8.4.3. Compile and execute#
pulsar2 build --target_hardware AX650 --input cnclip_vit_l14_336px_bert_encoder.onnx --output_dir output --config cnclip_build.json
8.4.3.1. log reference information#
+---------------------------+----------------------------+
| Model Name | OnnxModel |
+---------------------------+----------------------------+
| Model Info | Op Set: 14 / IR Version: 7 |
+---------------------------+----------------------------+
| IN: text | int64: (1, 52) |
| OUT: unnorm_text_features | float32: (1, 768) |
+---------------------------+----------------------------+
| Add | 172 |
| Cast | 3 |
| Constant | 154 |
| Div | 49 |
| Erf | 12 |
| Gather | 4 |
| MatMul | 97 |
| Mul | 50 |
| Pow | 25 |
| ReduceMean | 50 |
| Reshape | 48 |
| Softmax | 12 |
| Sqrt | 25 |
| Sub | 26 |
| Transpose | 48 |
+---------------------------+----------------------------+
| Model Size | 390.12 MB |
+---------------------------+----------------------------+
...
Transformer optimize level: 1
...
Calibration Progress(Phase 1): 100%|██████████| 32/32 [00:11<00:00, 2.81it/s]
...
--------- Network Snapshot ---------
Num of Op: [312]
Num of Quantized Op: [308]
Num of Variable: [588]
Num of Quantized Var: [583]
------- Quantization Snapshot ------
Num of Quant Config: [949]
BAKED: [89]
OVERLAPPED: [452]
ACTIVATED: [224]
SOI: [61]
PASSIVE_BAKED: [72]
FP32: [51]
Network Quantization Finished.
...
tiling op... ━━━━━━━━━━━━━━━━━━━━━━━━━━━━━━━━━ 340/340 0:00:02
build op serially... ━━━━━━━━━━━━━━━━━━━━━━━━━━ 300/300 0:00:04
build op... ━━━━━━━━━━━━━━━━━━━━━━━━━━━━━━━━━━━ 386/386 0:00:00
add ddr swap... ━━━━━━━━━━━━━━━━━━━━━━━━━━━━ 3859/3859 0:00:00
...
2026-03-23 19:47:45.563 | INFO | yamain.command.build:compile_ptq_model:1365 - fuse 1 subgraph(s)

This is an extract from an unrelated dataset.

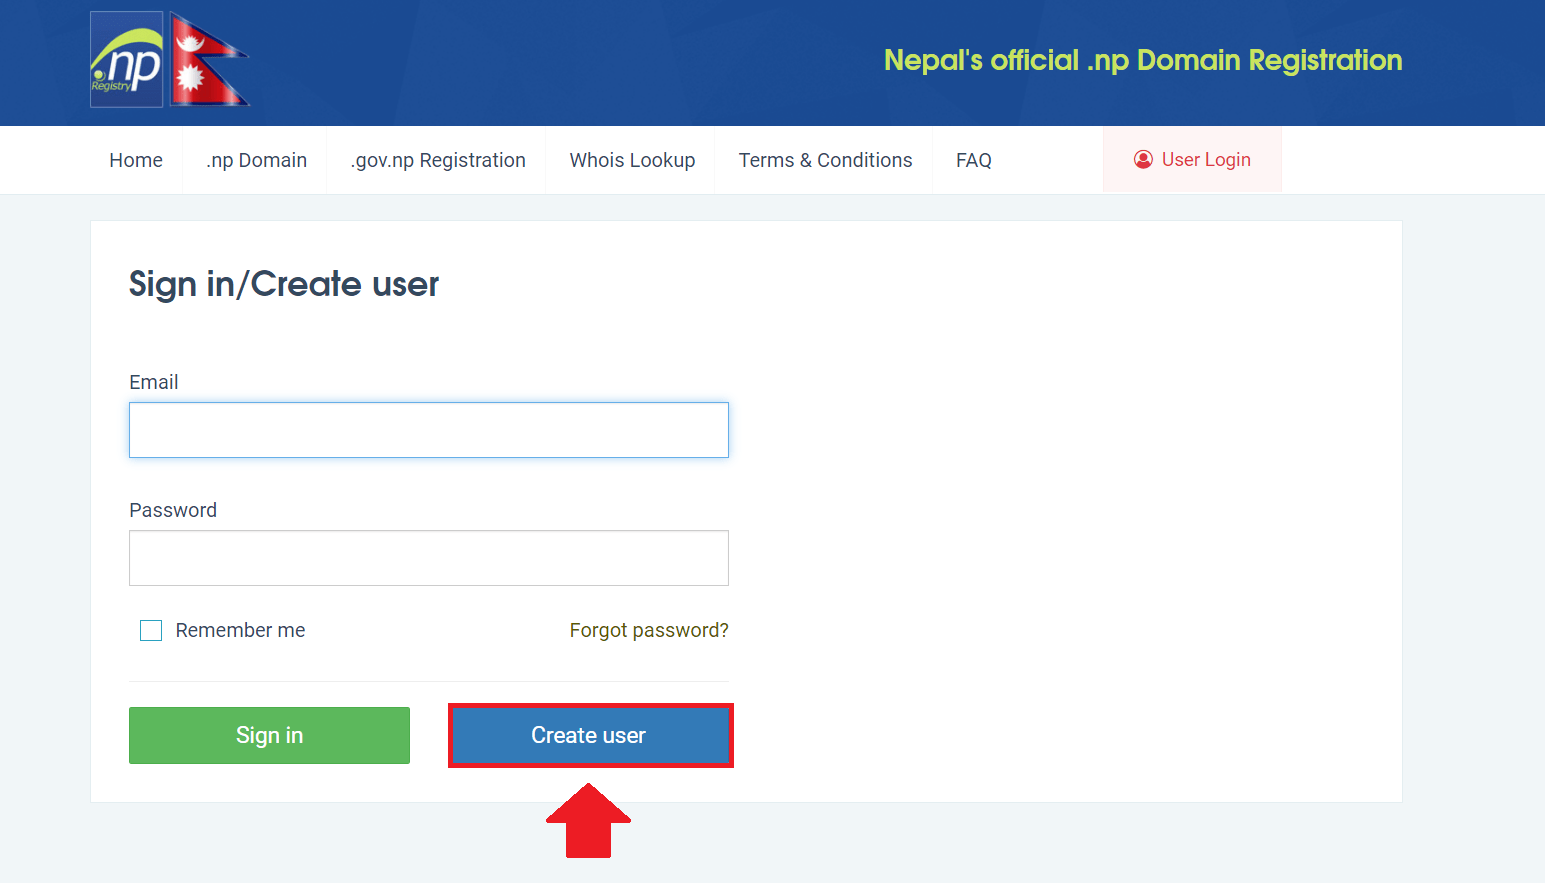 Enregistrez un domaine .com.np gratuitement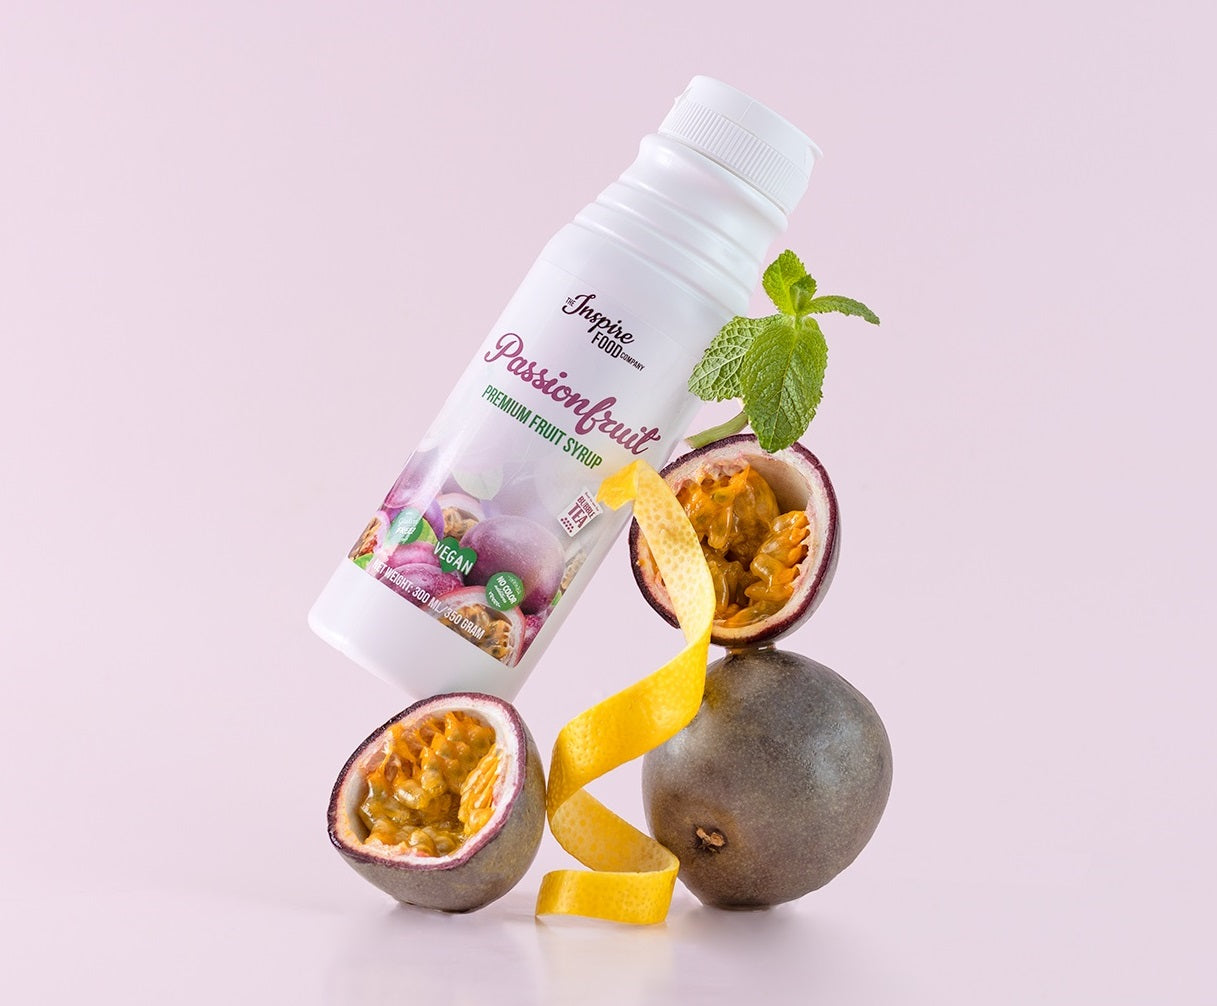 Premium Passionfruit Fruit Syrup - 5 x 2L (no colourants)

8.4.4. Model input/output description#
Direction |
Tensor name |
Dtype |
Shape |
Notes |
|---|---|---|---|---|
Input |
text |
S32 |
(1, 52) |
Token IDs after tokenization, max length 52 |
Output |
unnorm_text_features |
FLOAT32 |
(1, 768) |
Unnormalized text embedding vector |
Hint
For deployment, this model should be used together with the visual encoder: the visual encoder extracts image embeddings, and the text encoder extracts text embeddings. Image-text matching is then performed by cosine similarity. The tokenizer uses cn_vocab.txt (provided with the model). For an on-board runtime example, please refer to CLIP-ONNX-AX650-CPP.